The Rio Grande Valley’s reservoirs are low and water delivery systems are inefficient, say growers, who hope recent legislation will help South Texas realize its agricultural potential.

“The biggest need and the most bang for our buck is in improving our infrastructure,” said Ray Prewett, president of Mission-based Texas Citrus Mutual.

Prewett cited projects like lining canals and providing pipelines where feasible to improve a water delivery system designed in the early 1900s.

 

The water problem

Rio Grande Valley farmers are also dependent on two international reservoirs and can only obtain water for irrigation after municipal water needs are met.

A 1944 water treaty signed with Mexico has meant that valley growers rely on enforcement of an international treaty to get water. Mexico has maintained a persistent water deficit.

“It’s a drop in the bucket compared to what we need,” said Bret Erickson, president of the Texas International Produce Association in Mission, with regard to the water payments.

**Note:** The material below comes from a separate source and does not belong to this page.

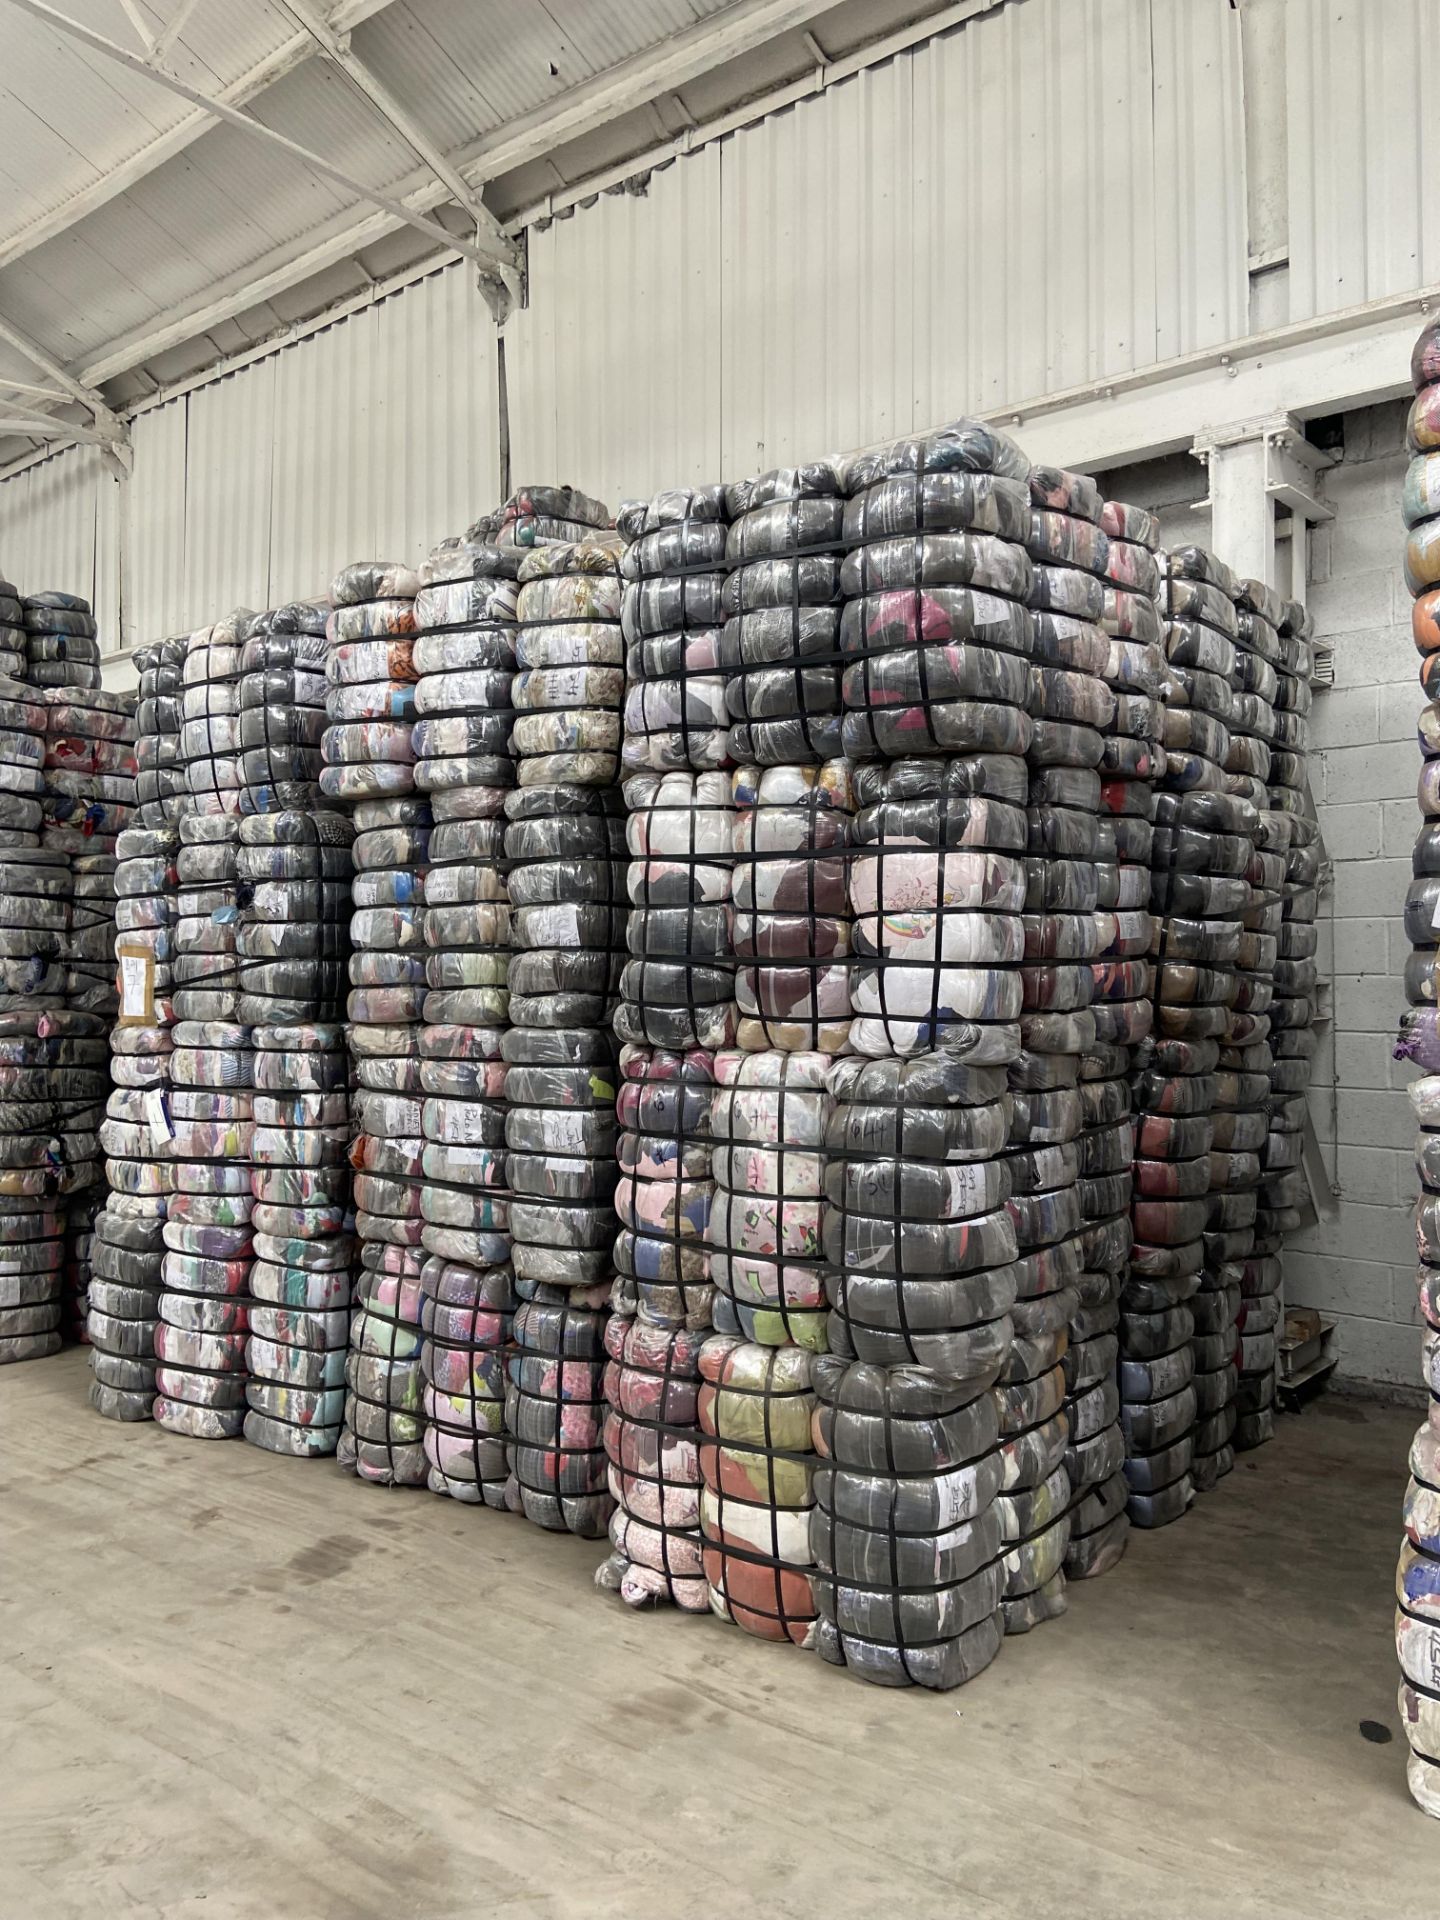 APPROX 216 BALES (9720KG) RECYCLABLE WASTE TEXTILES, understood to comprise: Five bales x 45kg Adult - Image 2 of 8
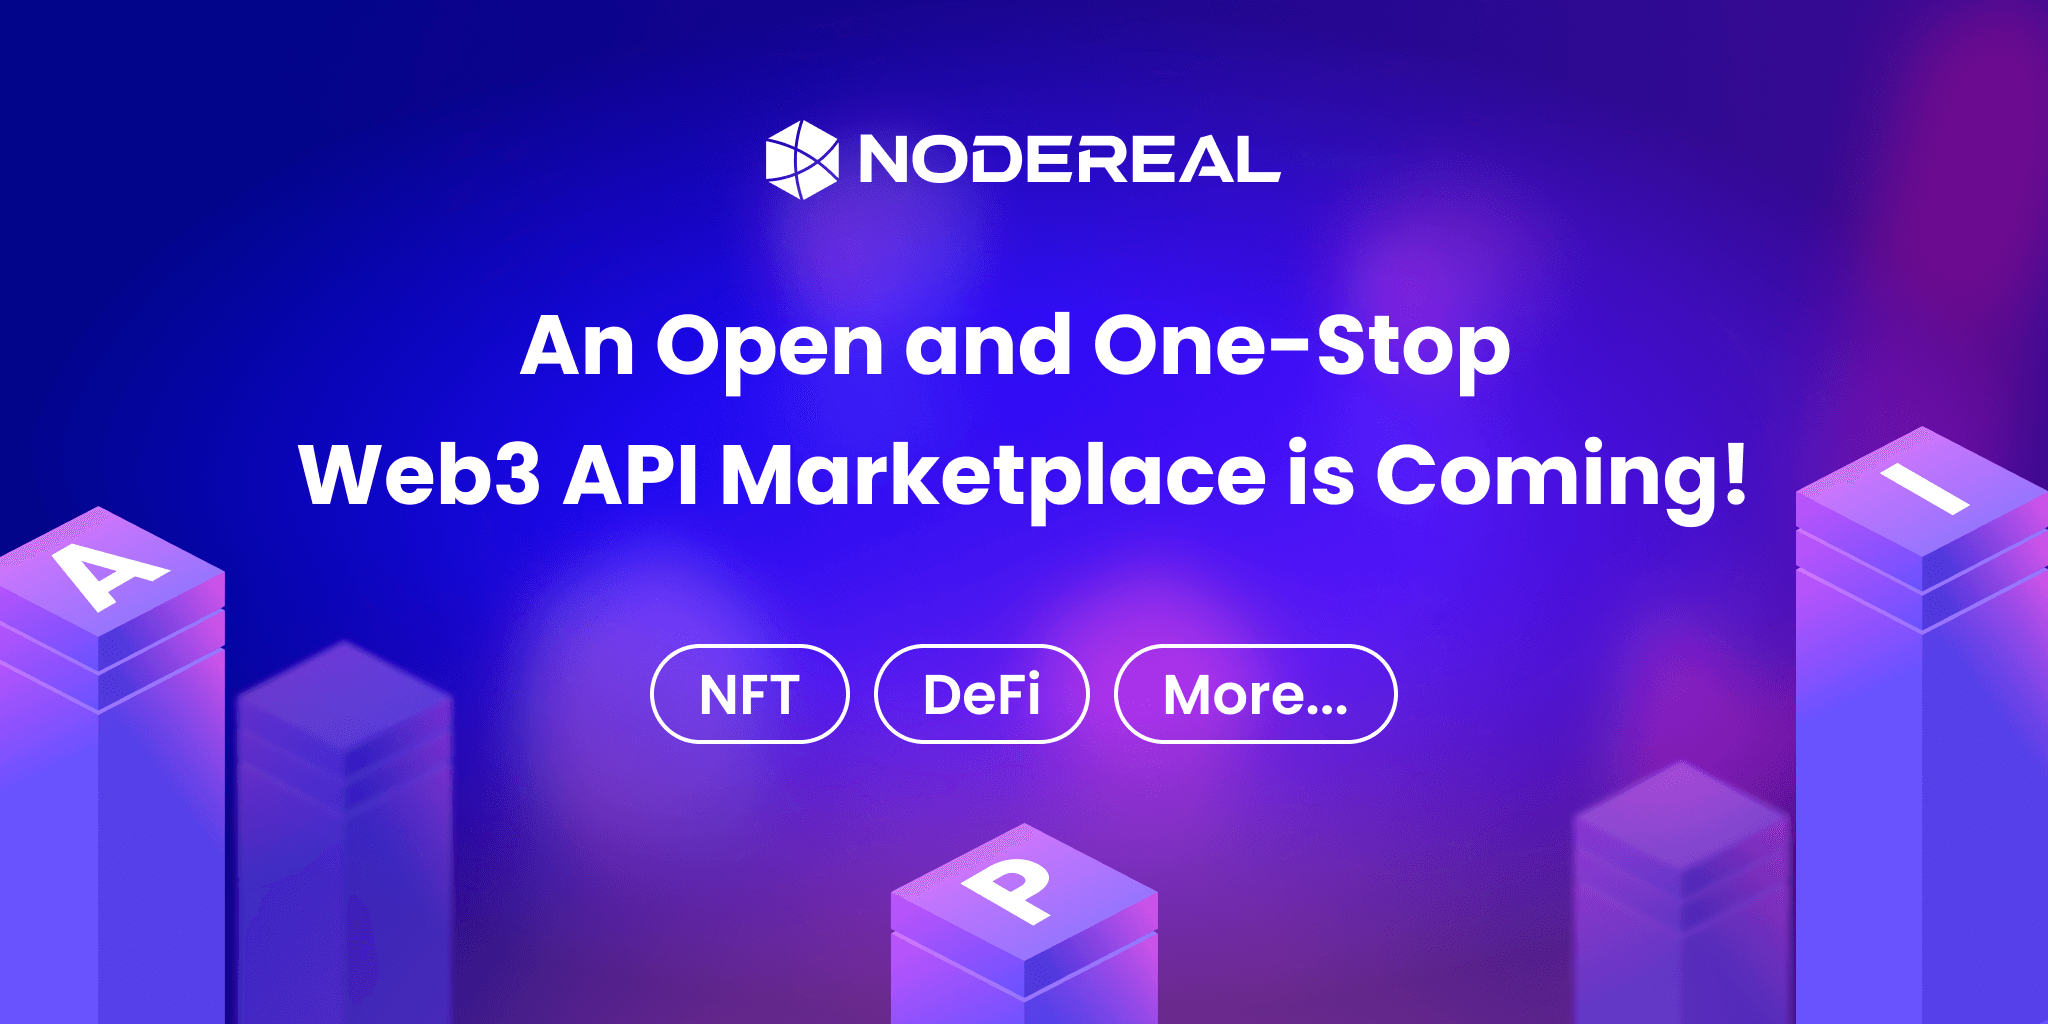 NFT, DeFi, and more: An Open and One-Stop Web3 API Marketplace is Coming!

“By no means are we anywhere near an ideal situation.”

Trent Bishop, vice president of sales for Lone Star Citrus Growers, Mission, said September and October rains have increased holding capacity, but not enough to stave off a flood of fear.

“Water is something that in our industry could keep you awake at night,” he said. “We are truly concerned.”

Dennis Holbrook, president of South Tex Organics, Mission, said he hopes projects in the pipeline will eliminate water loss through evaporation from reservoirs.

He added that growers are eager to take advantage of new technologies, such as drip irrigation. Despite the challenges, South Tex Organics is installing drip irrigation systems on its new vegetable land.

 

New loans

In 2012, Texas voters passed Proposition 6, a constitutional amendment that would make available $2 billion in low-interest loans for safe water conservation projects in the state.

Prewett said farmers are not directly eligible for loans, but municipalities, river authorities and irrigation water districts in the Rio Grande Valley can propose projects for funding.

The low-interest loans are part of a revolving program that is estimated to effectively provide $30 billion worth of low-interest loans for water conservation projects.

“We are excited about that. We do think it will make a difference,” he said.

Prewett and other growers said they do not expect to see any impact from the loans until 2016.